▸ COLLECTED MATERIAL
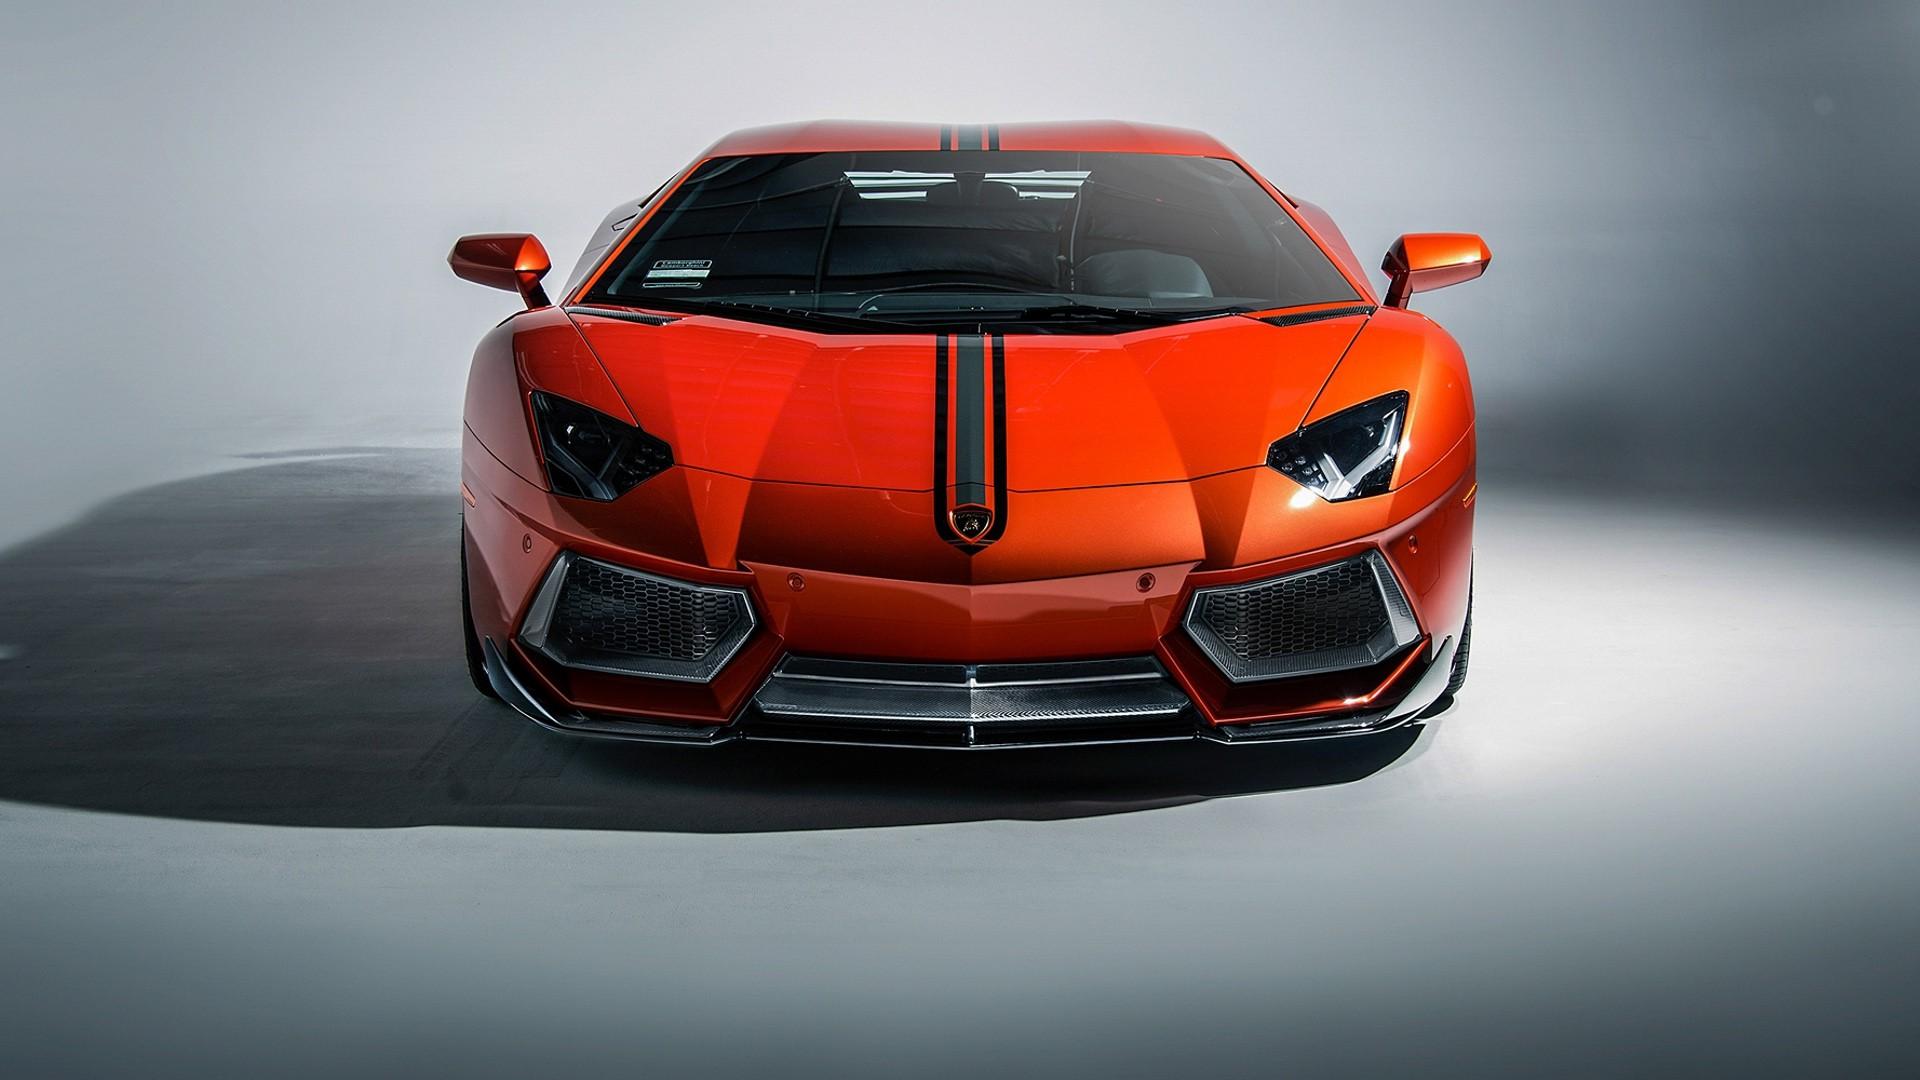 2015 Vorsteiner Lamborghini Aventador Coupe 3 Wallpaper ...
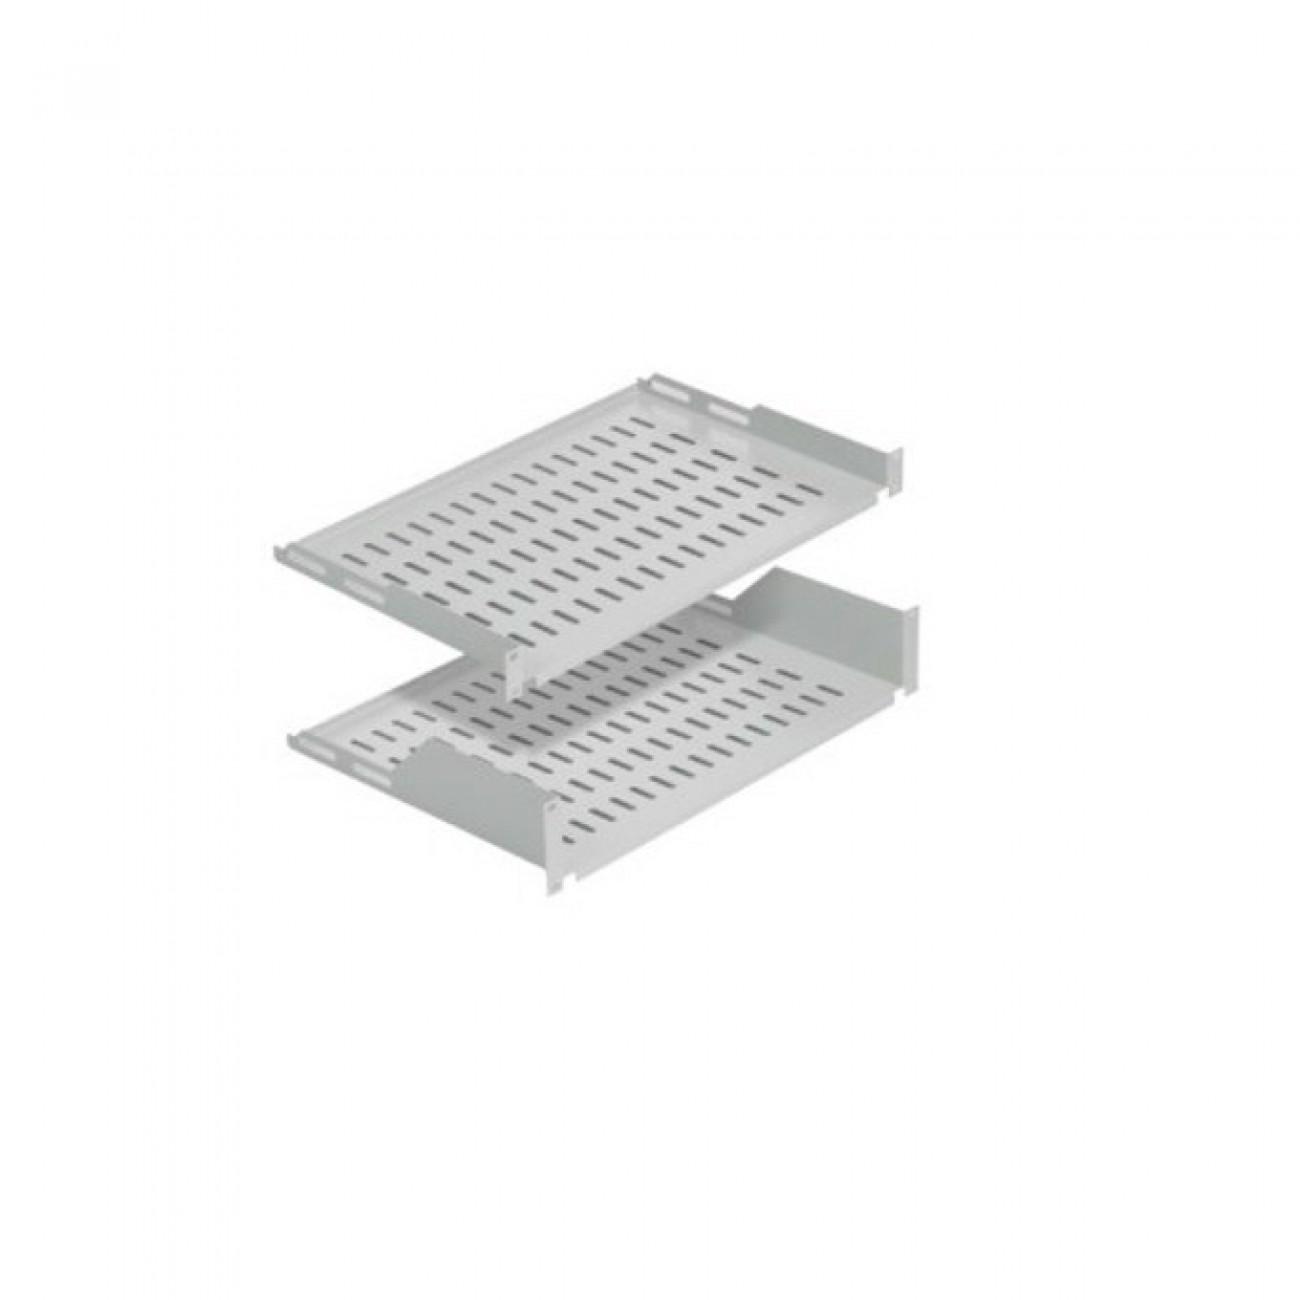 Тава Mirsan MR.RAK1U25, 19, 1U, за комуникационен шкаф, 486x250x44мм, 30кг товароносимост, сива в Мрежови шкафове - Mirsan | Alleop
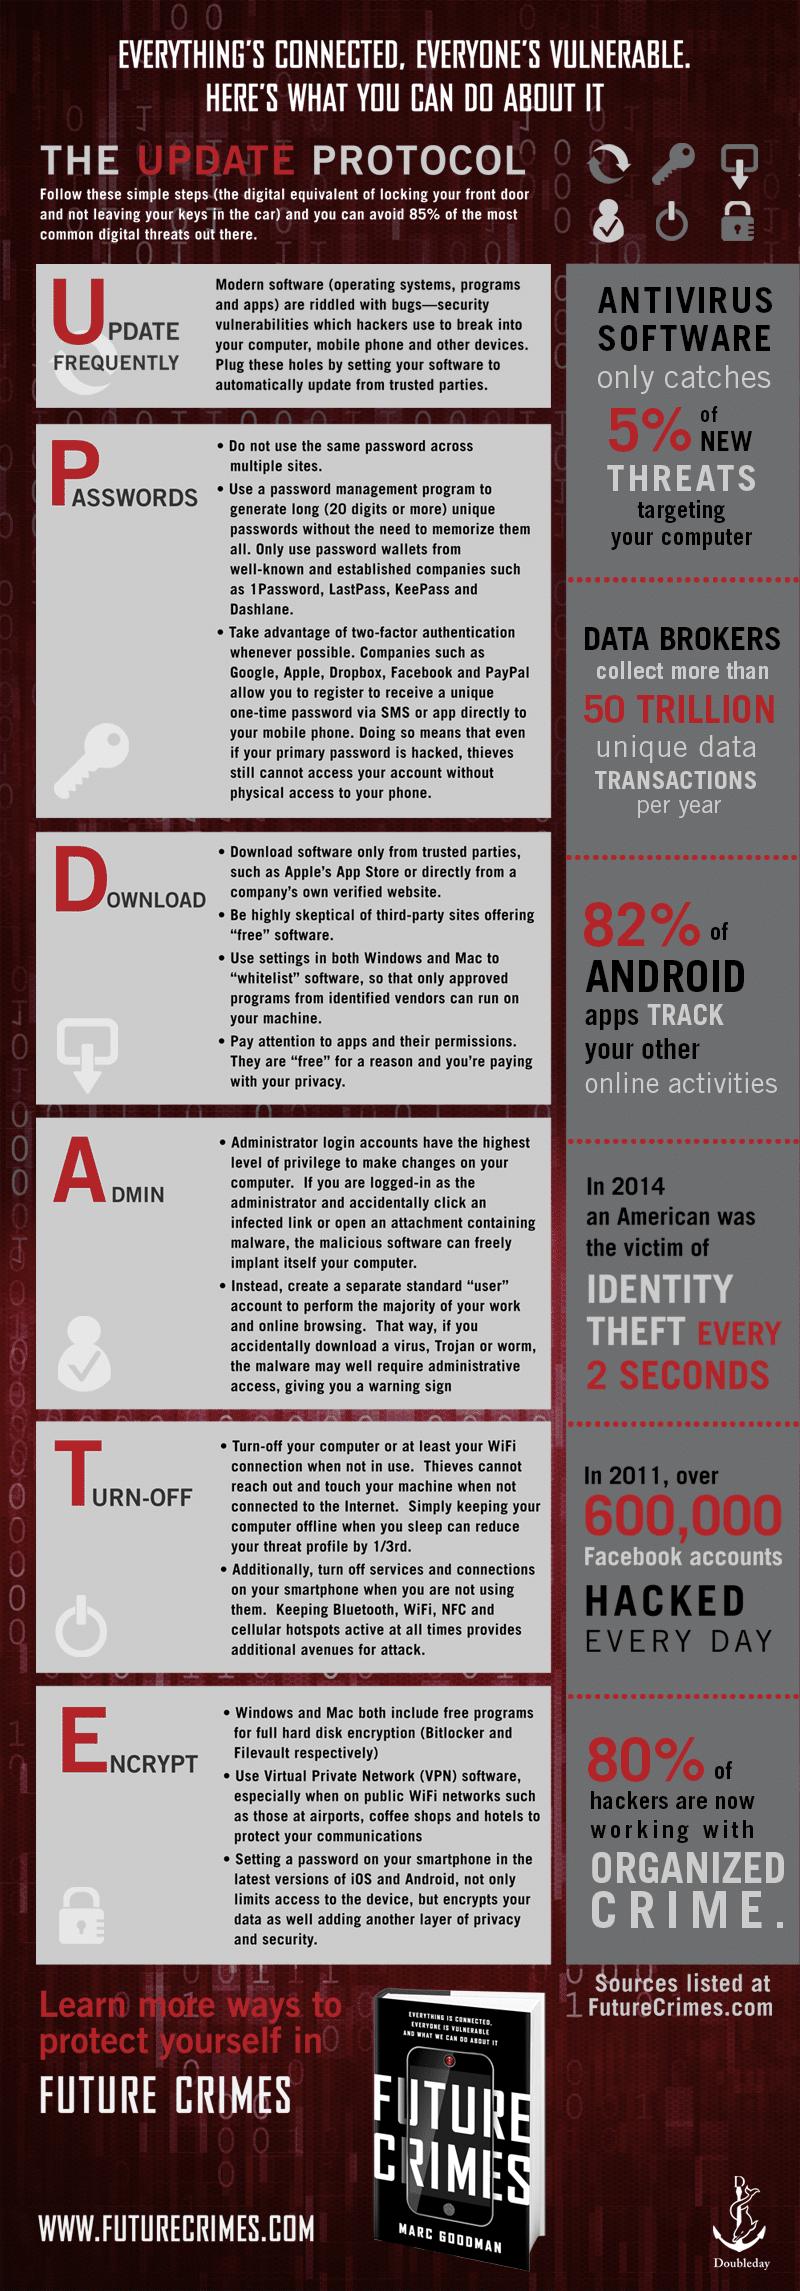 Future Crimes Infographic from futurecrimes.com
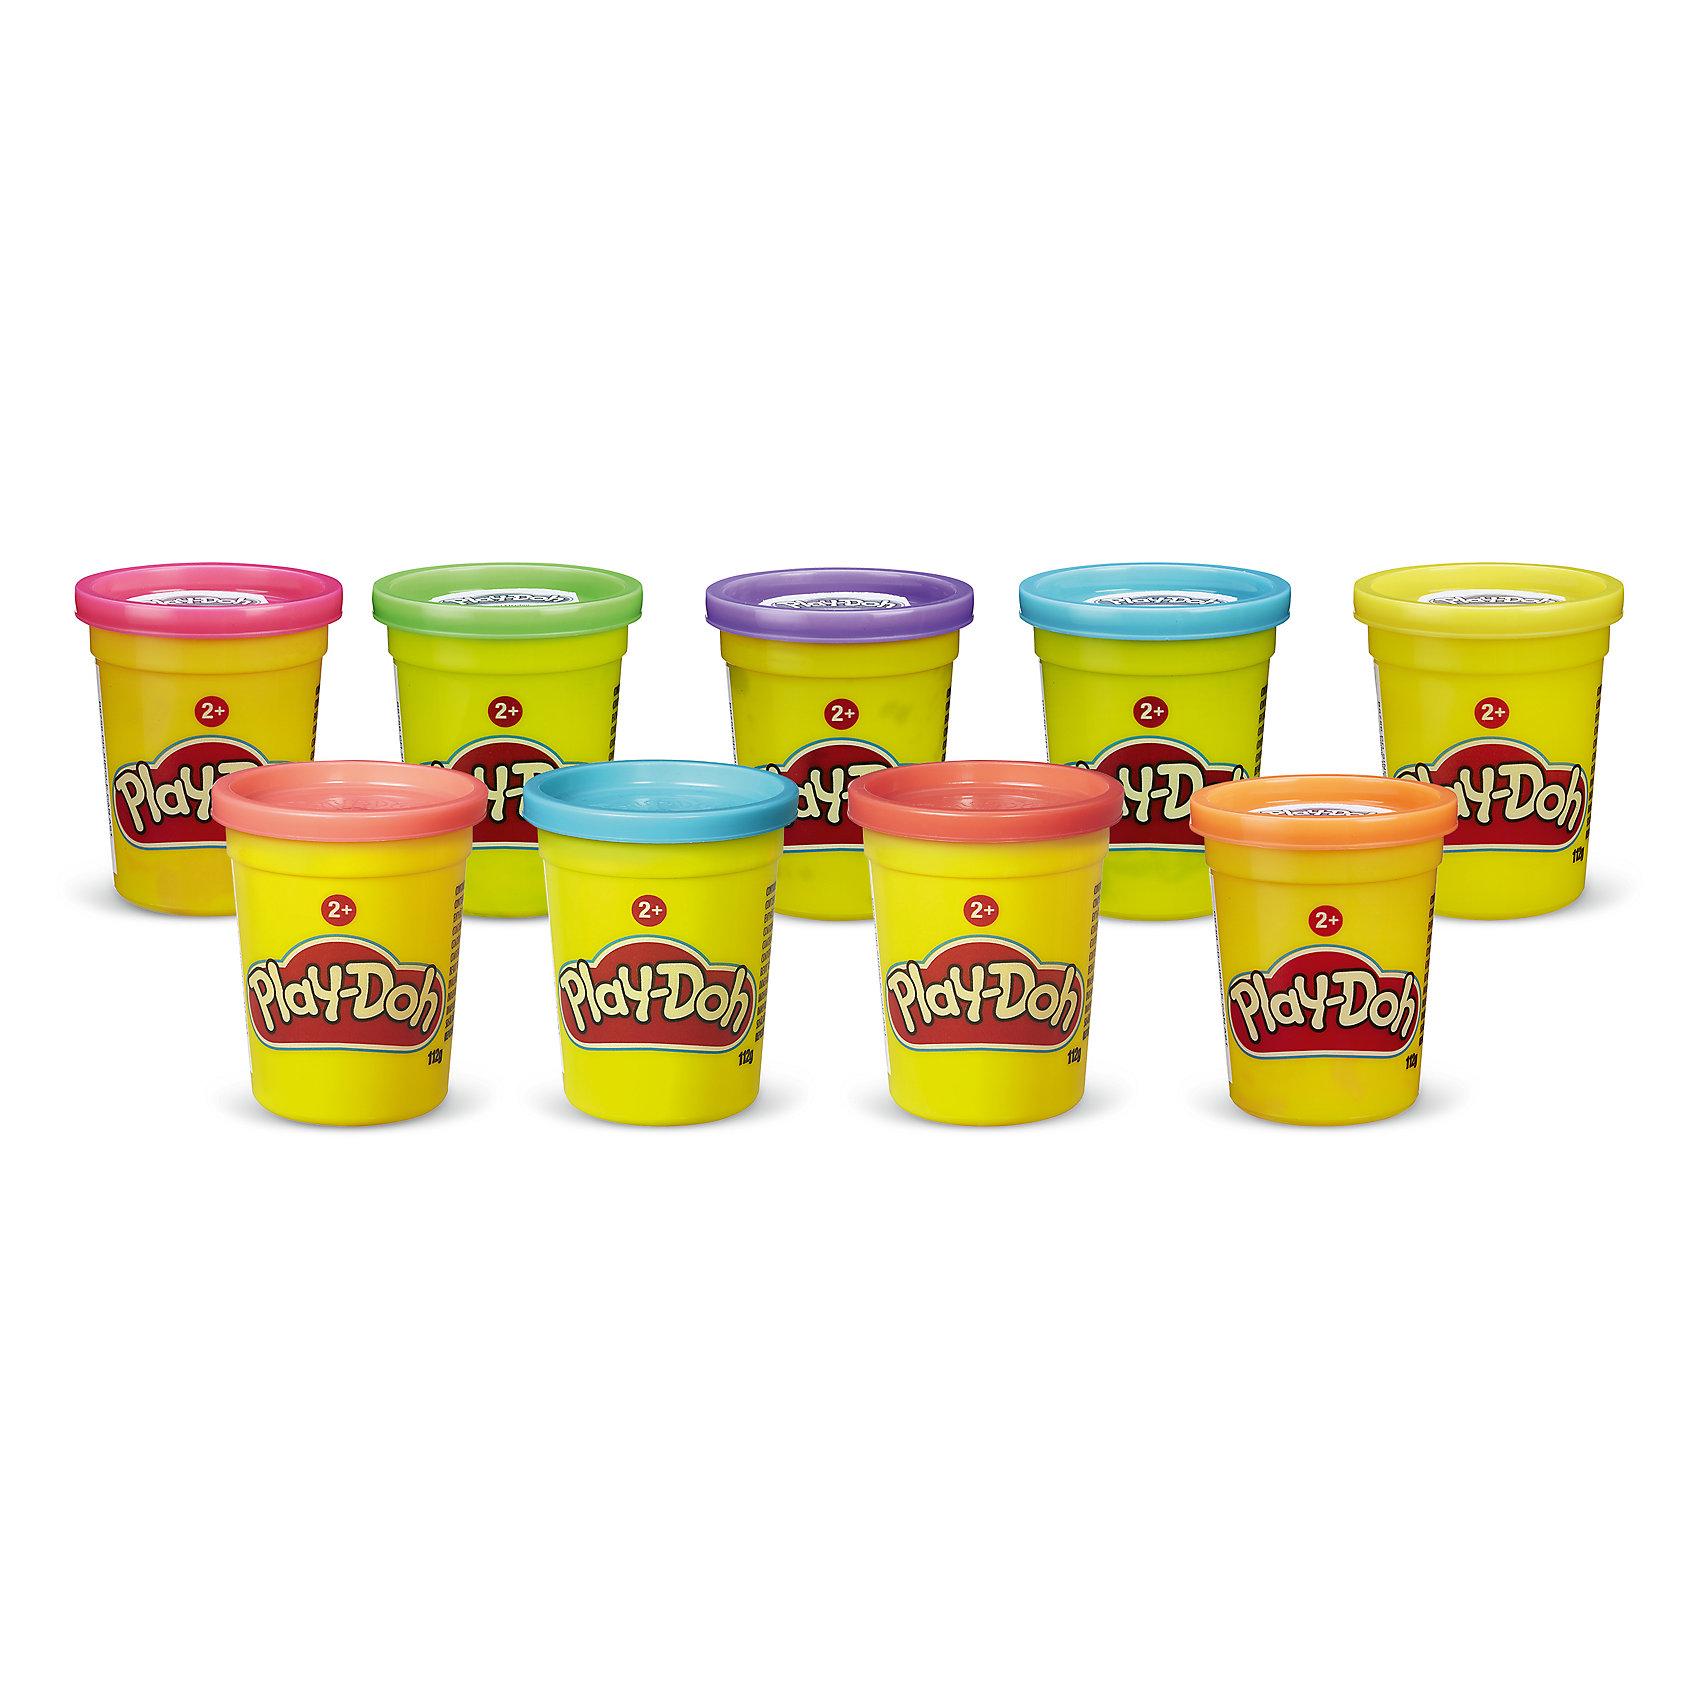 Play-Doh Пластилин 1 банка в ассортименте

▸ ABOUT THIS EXERCISE
Starting at the line that holds "Тава Mirsan MR.RAK1U25, 19, 1U, за", copy each line exactly through the end of the material above, keeping both ends and dropping the pictures.

▸ SOLUTION
 Тава Mirsan MR.RAK1U25, 19, 1U, за комуникационен шкаф, 486x250x44мм, 30кг товароносимост, сива в Мрежови шкафове - Mirsan | Alleop
 Future Crimes Infographic from futurecrimes.com
 Play-Doh Пластилин 1 банка в ассортименте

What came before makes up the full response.